Work

Begin Again

“In the beginner’s mind there are many possibilities, but in the expert’s there are few”
― Shunryu Suzuki, Zen Mind, Beginner’s Mind: Informal Talks on Zen Meditation and Practice

It’s usually the focus in their eyes I notice first. They may be 22, they may be 52, but they are starting something new. Their heightened situational awareness causes them to engage with the world around them in ways that are often only tapped into by a beginner. I’m here to argue that beginners shouldn’t have all the fun.

It’s the start of another new school year here in Round Rock and I have the privilege of greeting a few hundred new employees around this time each year. It’s always a celebration, but this year I’m bringing increased authenticity to my enthusiasm.

I’ve always been happy to greet these new folks, but there was always a sense of sympathy for the work ahead of them starting something new. They are either entering a new profession and don’t yet know what they don’t know. Or, they are experienced but joining a new organization. They will need to learn the culture, make new work friends, establish their reputation, create new routines, and find a parking spot. They must feel so unsettled.

They are walking into a new building and the only thing they know for sure is that they will meet new people. They get to be whoever they want. We don’t know them yet so even if they were the fool in their last job, they get a new start with us.
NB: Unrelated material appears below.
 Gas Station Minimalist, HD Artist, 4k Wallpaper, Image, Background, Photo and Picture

Maybe it’s turning 40 soon, or maybe it’s reaching a certain level of comfort, but I’m finding my feelings for these beginners turn from sympathy to envy. And while we can’t turn back the clock, and may not want to find a new job, how can we tap into the mindset that comes from starting something new? From beginning again?
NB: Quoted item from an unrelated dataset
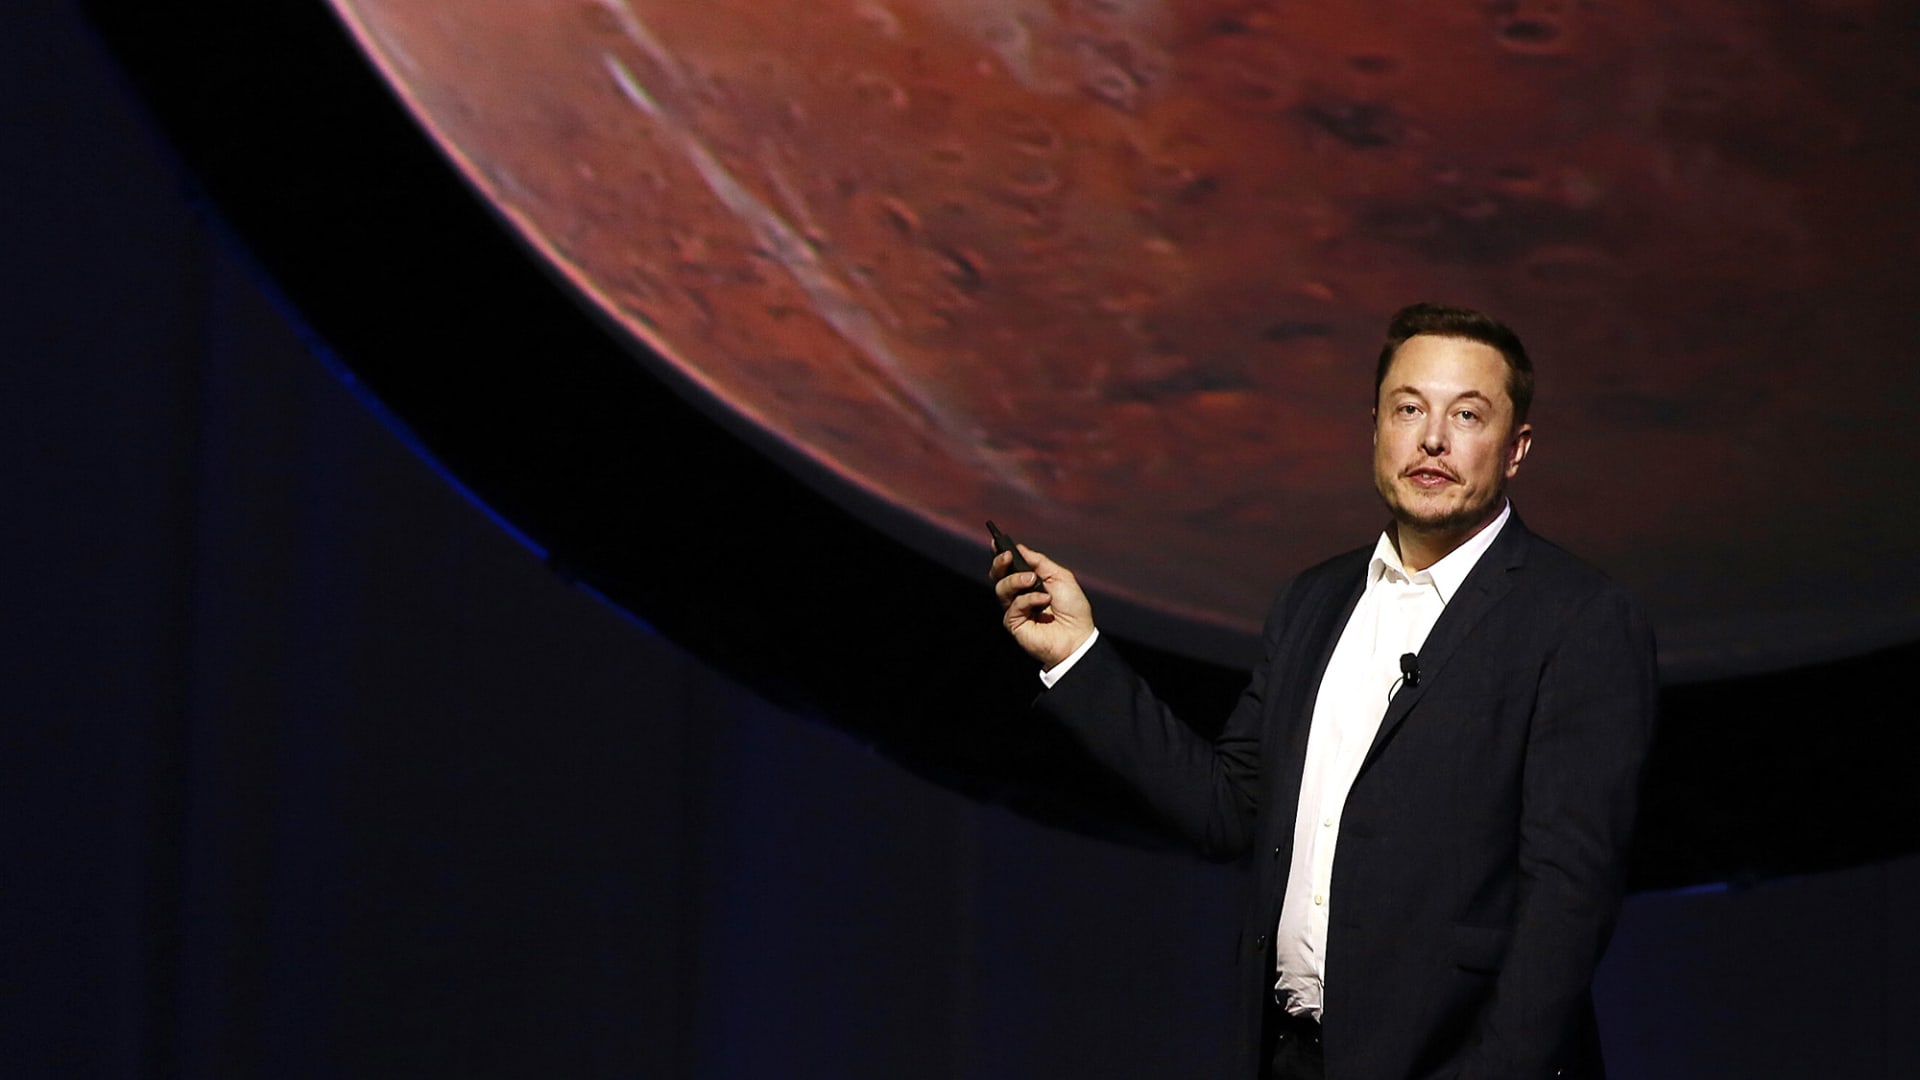 Bill Gates says Elon Musk’s ambition to colonize Mars is not a good use of money

When Suzuki was speaking of Beginner’s Mind he reminded us:

For a while you will keep your beginner’s mind, but if you continue to practice one, two, three years or more, although you may improve some, you are liable to lose the limitless meaning of original mind.

The hard part he goes on to say is not balancing our expert and beginner’s mind, it’s not a dualistic approach. The two ways of thinking do not balance each other. There is a finite amount of space for our mindset and the expert’s mind is in direct competition with the beginner’s mind. Satisfaction comes from learning, improving our craft, growing our skillset, without losing the beginner’s mind. Much easier said than done.

We must remain the learner…even when we are mentoring others. Because we are not really mentoring them. We are learning with them and just playing a different role. None of us really know what we are doing. We are just doing our best.

He goes on to tell us:

The same thing will happen in your other Zen practices. For a while you will keep your beginner’s mind, but if you continue to practice one, two, three years or more, although you may improve some, you are liable to lose the limitless meaning of original mind.